The collision of global markets and social mood

Friday, August 2, 2013

T-Dreams

Seems like all I did last night was dream about Treasury rates. This morning I found several items that made me think it wasn't a coincidence.

First up from Zero Hedge:

The Most Important Number In The Entire US Economy

Bottom line: over $400 trillion in interest rate derivatives are tied to the 10-year yield, which is currently rising a bit too rapidly.

Goldman Sachs, my favorite institution that should have gone under in 2008 were it not for the bailout of AIG, has a total derivatives exposure 362 times greater than their total assets.

If yields on the 10-year continue their break out, Lloyd and Jamie will show you just what a house of cards our fractionated system of banking truly is.

Think I'm overstating things?

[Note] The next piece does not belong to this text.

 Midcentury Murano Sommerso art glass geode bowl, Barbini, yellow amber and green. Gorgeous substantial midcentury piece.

For that I've got Peter Brandt to back me up, a trader whom I respect, who just so happened to pen this post the other day -- oh yeah, it's about Treasury rates:

The charts predict a multi-year bear market in the price of Treasury Bonds and Notes

Bottom line: a 31-year bull market in T-bond prices may be ending and rates could rise significantly. Peter's post is a must read. One thing that jumped out at me that he did not comment on is the marked decline in open interest as bonds and notes made their most recent highs. It is especially glaring on the 30-year bond chart. That's the market saying: "That's all folks."

It's not all. It's likely the beginning of deleveraging which is the unwinding of 30 years of growth juiced by credit expansion, whereby the growth was basically a mirage.

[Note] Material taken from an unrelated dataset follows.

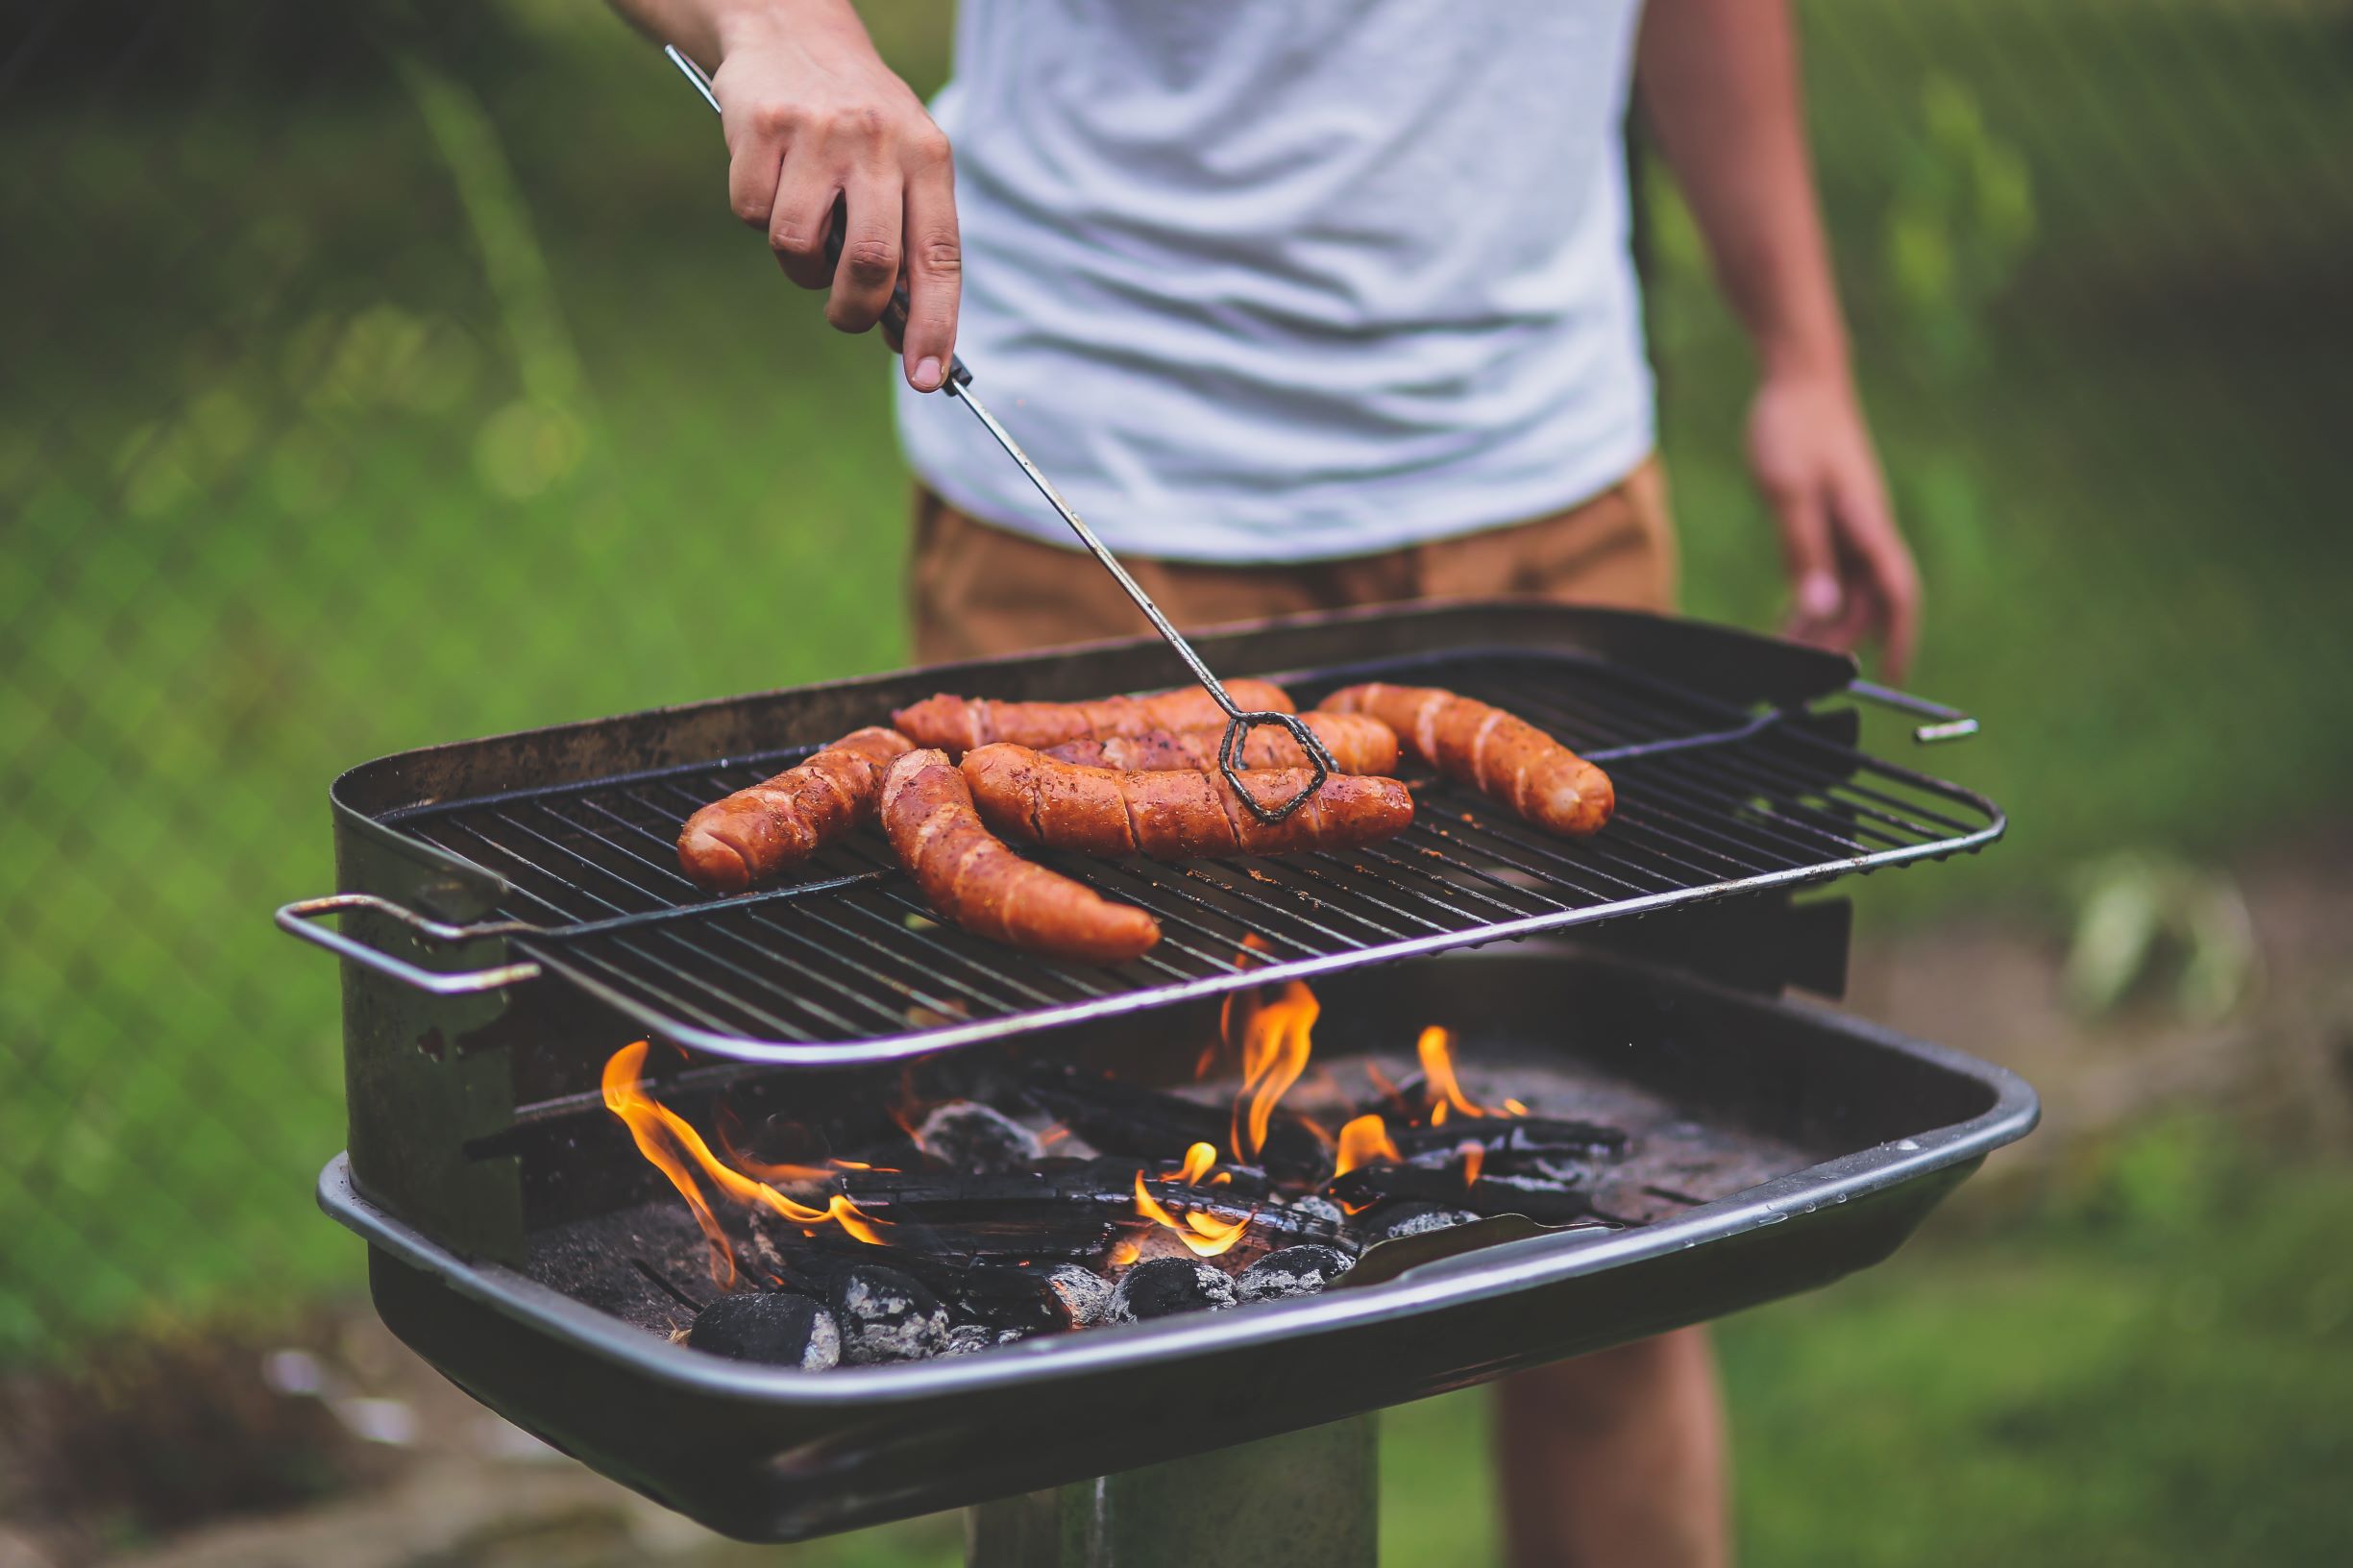 man grilling hot dogs over charcoal grill

So of course I loved seeing this article today:

The return of ‘Dow 36,000’

Bottom line: it's back. Right at the perfect time.

Amazingly, the article quotes John Hussman, who is thinking along the same lines as I am.

“[T]he deepest market losses in history have always emerged from an identical set of conditions (also evident at the pre-crash peaks of 1929, 1972, and 1987),” he writes, “namely, an extreme syndrome of overvalued, overbought, overbullish conditions, generally in the context of rising long-term interest rates.” And that, he adds, is what we have now.

If the market is where I think it is from the June 24th low, then after a minor dip, I want to see it absolutely rip into the August option expiration. It will likely be a scary trade and will require a lot of courage to step in front if it (especially publicly), but that's why trading is not easy.


2 comments:

  1. Marz,

    I am trying to understand what do you mean by rip in august expiration. So you are expecting it to go higher may be 1730/50 during august expiration and then sep/oct fall down may be 10/15 percent.

    bill

    ReplyDelete
  2. Yes, "rip" as in expecting the market to rally into the August options expiration, and then sell off from there. Still just a possible scenario, though the current parallels to 1987 are very intriguing.